Intraperitoneal Glucose Tolerance Test: Mice from both groups were fasted overnight (12h) and then injected intraperitoneally with 0.02 ml/g of body weight D-glucose (7.5 % stock solution in saline). Blood samples were taken by tail venesection at 0 min (just before glucose injection) and at 30min intervals after the glucose load. Glucose was measured with Ascensia Breeze portable glucose meter (Bayer, Germany). Mice were given only water during the test.
Taurine supplementation increases the size and number of the islets of Langerhans
Histological examination of the pancreas revealed that the KO mice had a significant reduction in the number of islets of Langerhans when compared to controls (Fig. 1; p<0.05). Furthermore, there were no noticeable histological abnormalities in the endocrine or exocrine parts of the pancreas. Surprisingly, supplementation of taurine in the drinking water resulted in a drastic and significant increase in the number of islets per section in both WT and KO mice (Fig. 1; p<0.001 for WT, p<0.01 for KO). Previously, it has been reported  that the islets from taurine treated mice had almost double the number of cells immunopositive for proliferating cell nuclear antigen (PCNA). This increase proliferation was accompanied by a reduction in the incidence of apoptosis in islet cells, and also a significant increase in the number of islet cells immunopositive for IGF-II. These data demonstrate that the endocrine pancreas undergoes significant modification during neonatal life, and that proliferation and apoptosis are integral mechanisms in this remodeling.
Taurine-fed mice show hyperinsulinemia and glucose tolerance
To determine the functional significance of increased islets size and number in the pancreas of taurine-fed mice, we tested the tolerance of mice to glucose injection as an indicator of the pancreas efficiency to regulate plasma glucose homeostasis. As expected, control mice showed a drastic increase in plasma glucose concentration 30 min after challenge with a gradual decrease through 120 min. By the end of the experiment, mice were slightly hypoglycemic relative to baseline (Fig. 2).

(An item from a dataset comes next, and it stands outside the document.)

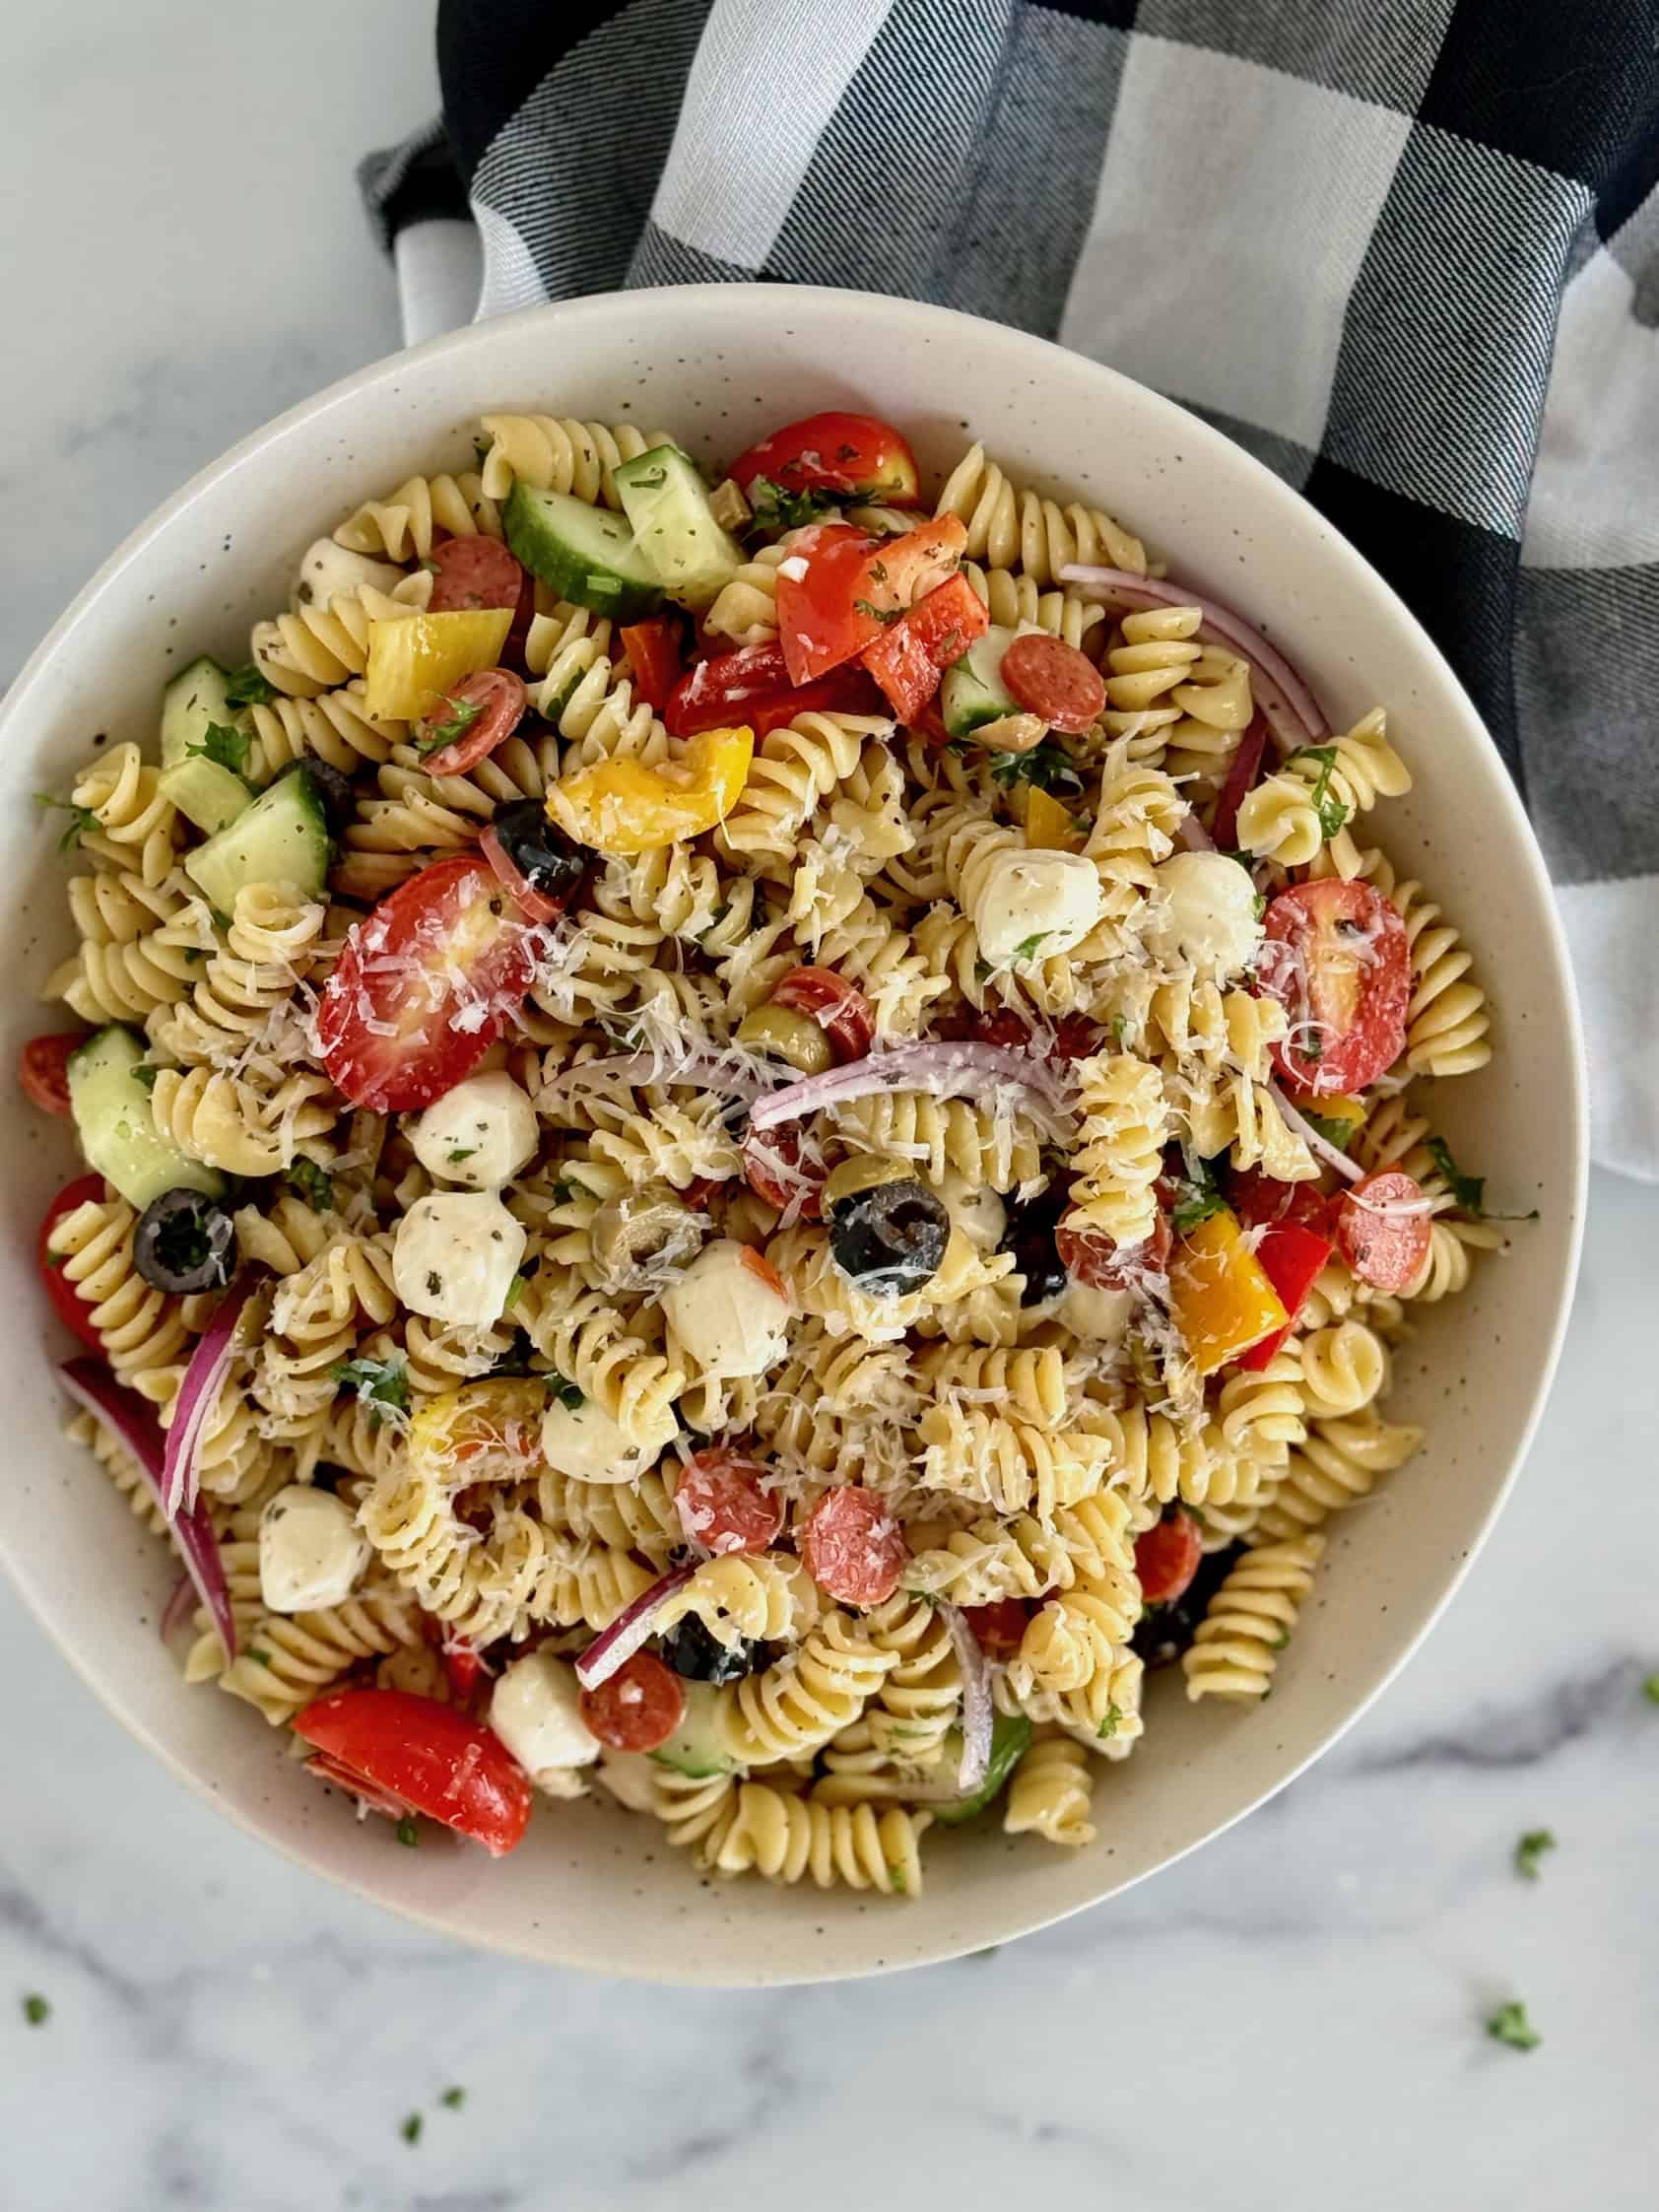 A large bowl of pasta mixed with colorful veggies, black olives, mozzarella cheese balls, and a zesty dressing, perfect for a summer picnic or bbq.

In contrast, taurine-fed control mice showed a significant tolerance to glucose injection. Baseline plasma glucose levels indicated that these mice were slightly, but not significantly, hypoglycemic compared to controls. However, the response to glucose injection was drastically reduced (p < 0.001) at 30 min compared to controls. At 60 min following the challenge, the plasma glucose level in the taurine-fed mice rose slightly but was still significantly reduced than controls. Not until at 120 min post-challenge that the plasma glucose levels were similar in both groups. KO mice had similar baseline plasma glucose levels as WT. However, 30 min post glucose injection, glucose plasma levels were higher than those of WT. At 60 min KO plasma glucose levels were the same as WT, but two hours post injection WT plasma glucose levels continue to decline whereas the KO plasma glucose levels remained significantly higher than WT. Interestingly, when KO mice were fed taurine for four weeks prior to the glucose test they almost reacted as WT controls. Taurine supplementation induced hypoglycemia in KO mice at baseline, glucose levels were lower 30 min post injection and drastically reduced after 2 h when compared to non-taurine-fed KO mice (Fig.2).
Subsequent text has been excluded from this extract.